Backup media must meet the standards of archival, offsite storage and protection as set forth by the applicable business continuity plan.
To ensure that information can be recovered when needed
Proper procedures for Information recovery is important to ensure that, in the event of an emergency, essential information and software required can be restored within critical timescales.
- An Information Restoration procedure must be established to define the [Baseline | CIA] controls over the restoration of programs and information from backup media.

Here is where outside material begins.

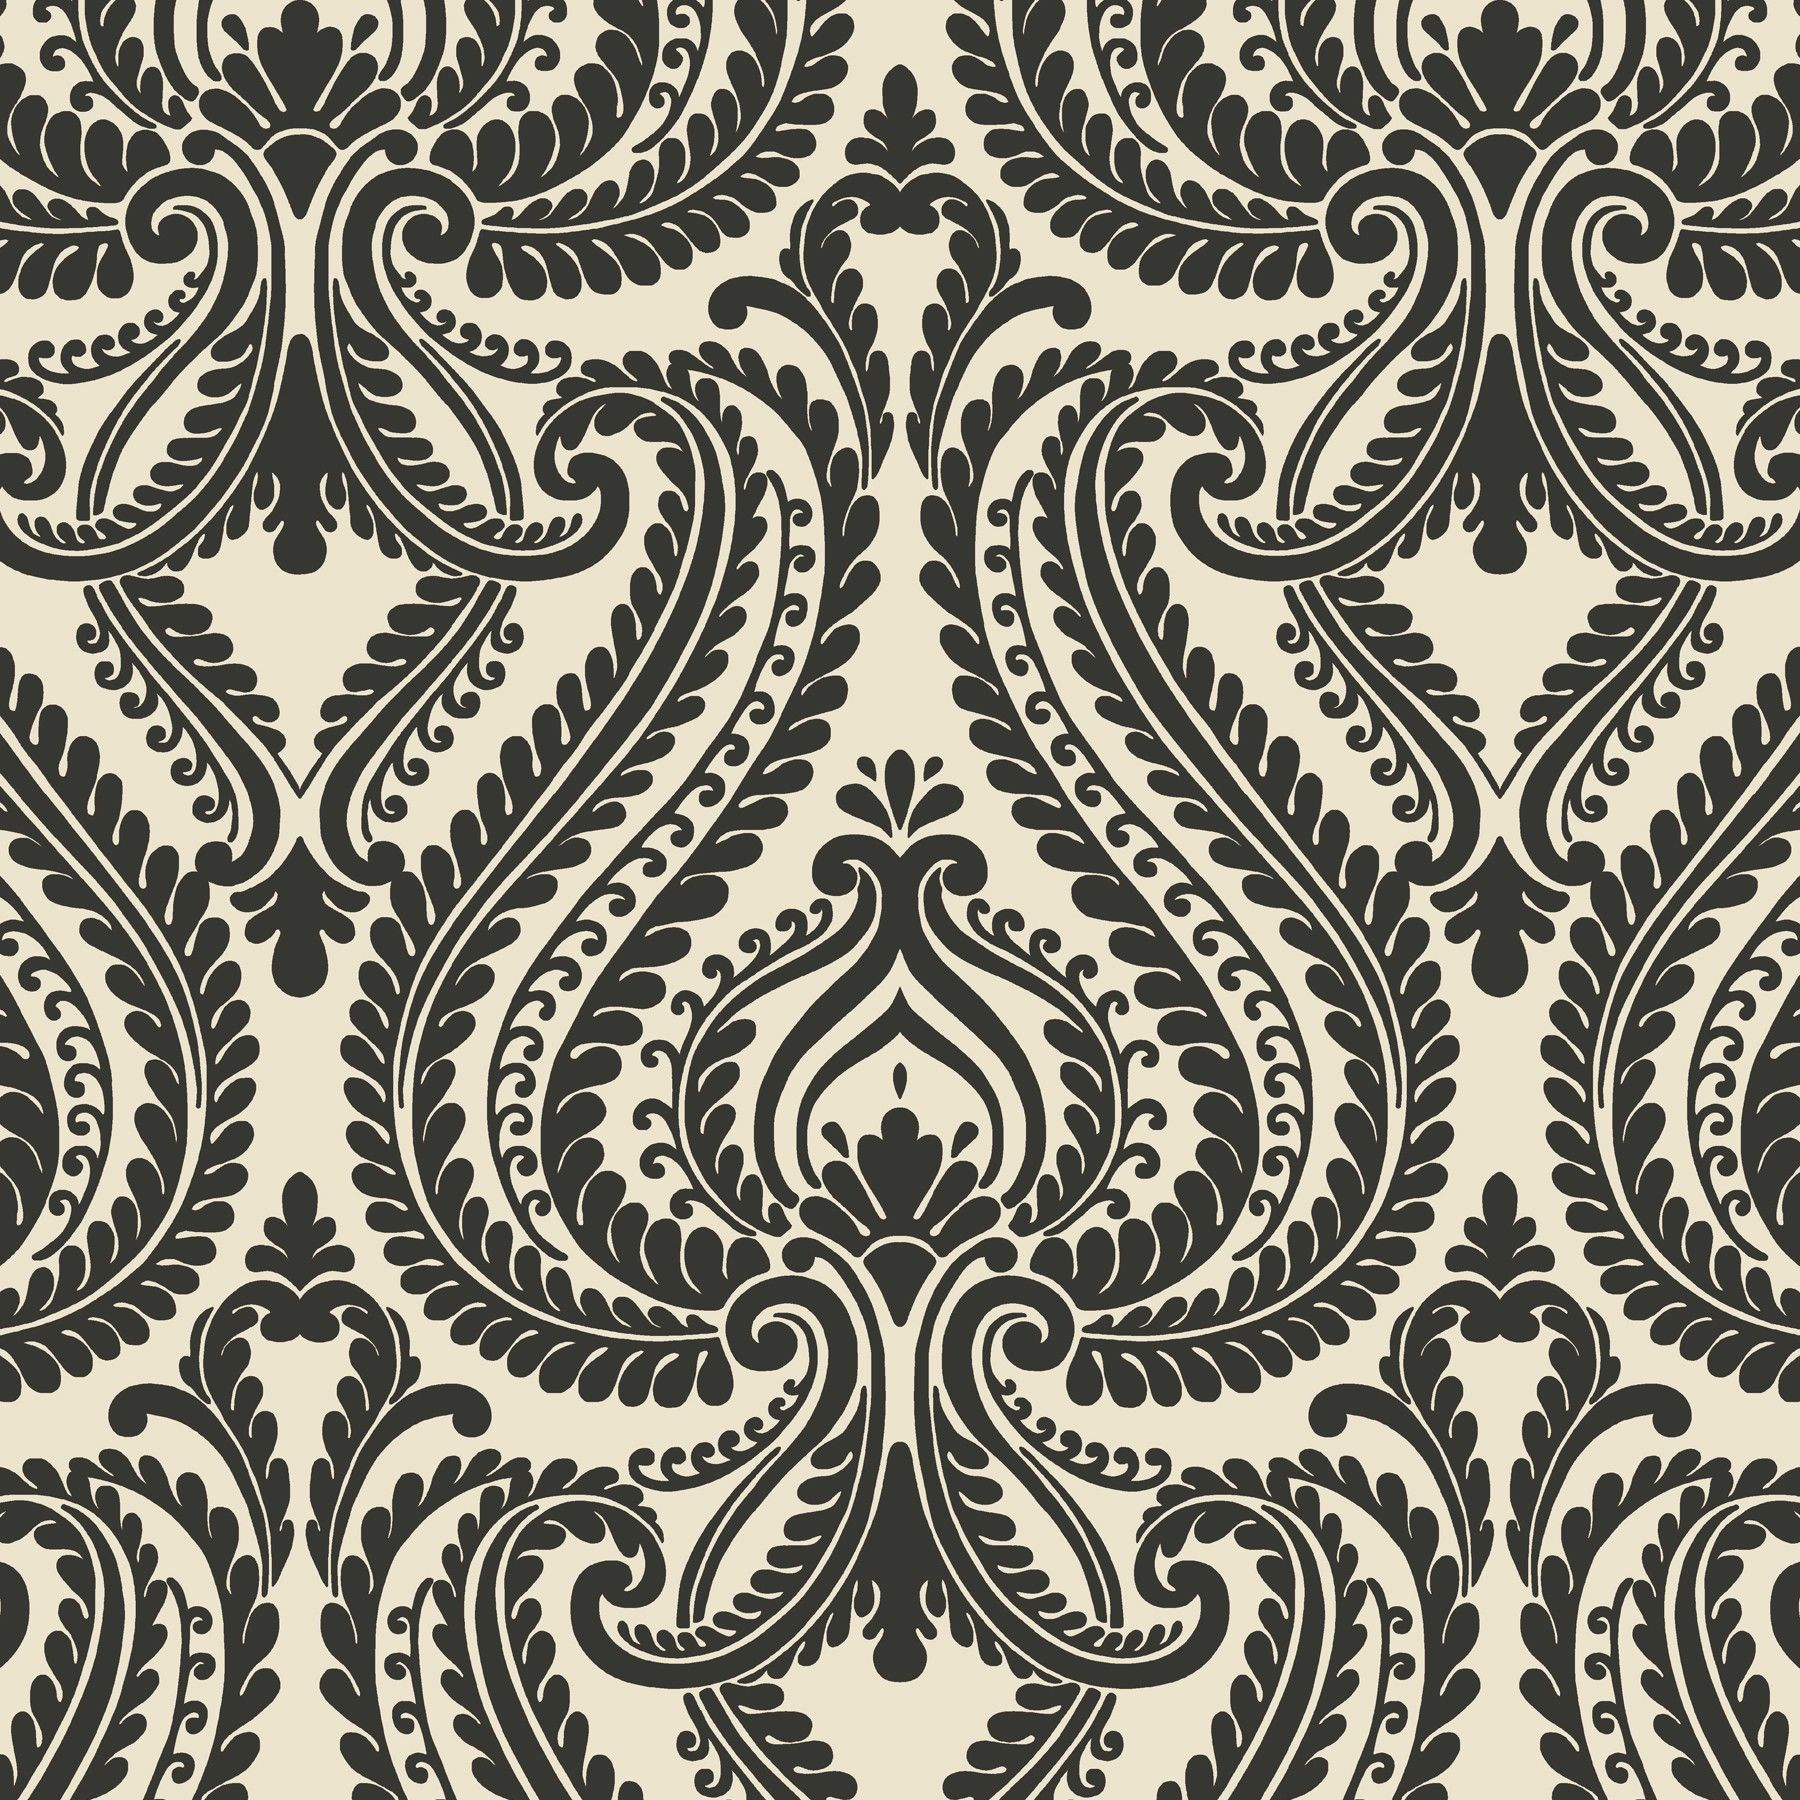 simple damask wallpaper patterns - HD1800×1800
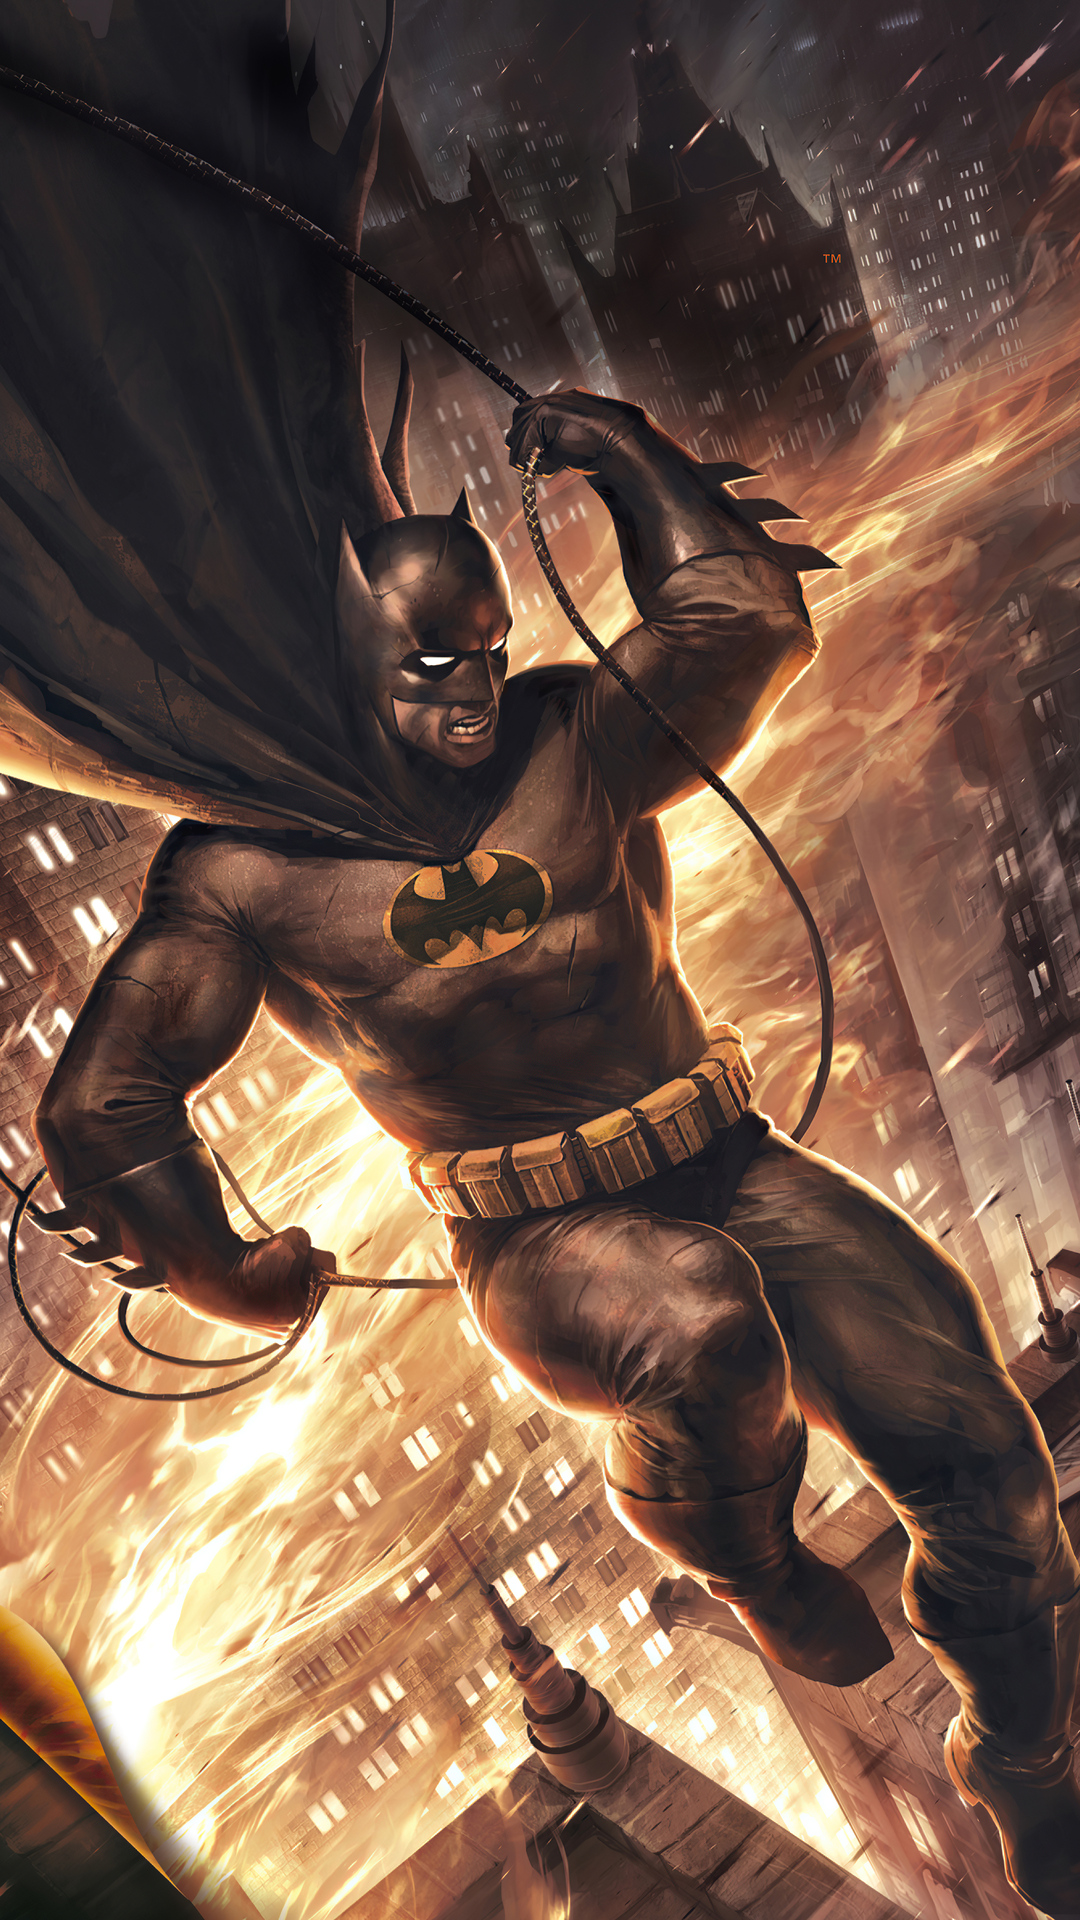 Dark Knight Returns In City 4k Iphone ...

- Random tests of back-up tapes, etc., should be conducted regularly to [Baseline | CIA] ensure that they are functional and working properly as most magnetic media have limited life span.
To enable the recovery of IT services in the event of an IT disaster.
Disaster recovery plans and process should be implemented to minimize the impact of an IT disaster to the business.
- Information and software must be appropriately backed up and stored remotely to facilitate recovery in the event of a system malfunction or disaster. Appropriate hardware must be put in place and maintained for availability, compatibility and readiness.
- Hot-site facilities or high availability systems should be in place.
- Where the Business Unit requires high system availability for the project/service, these should be specified as part of the detailed requirements.
- Where specified as business requirements, such backup and recovery procedures and equipment must be tested regularly.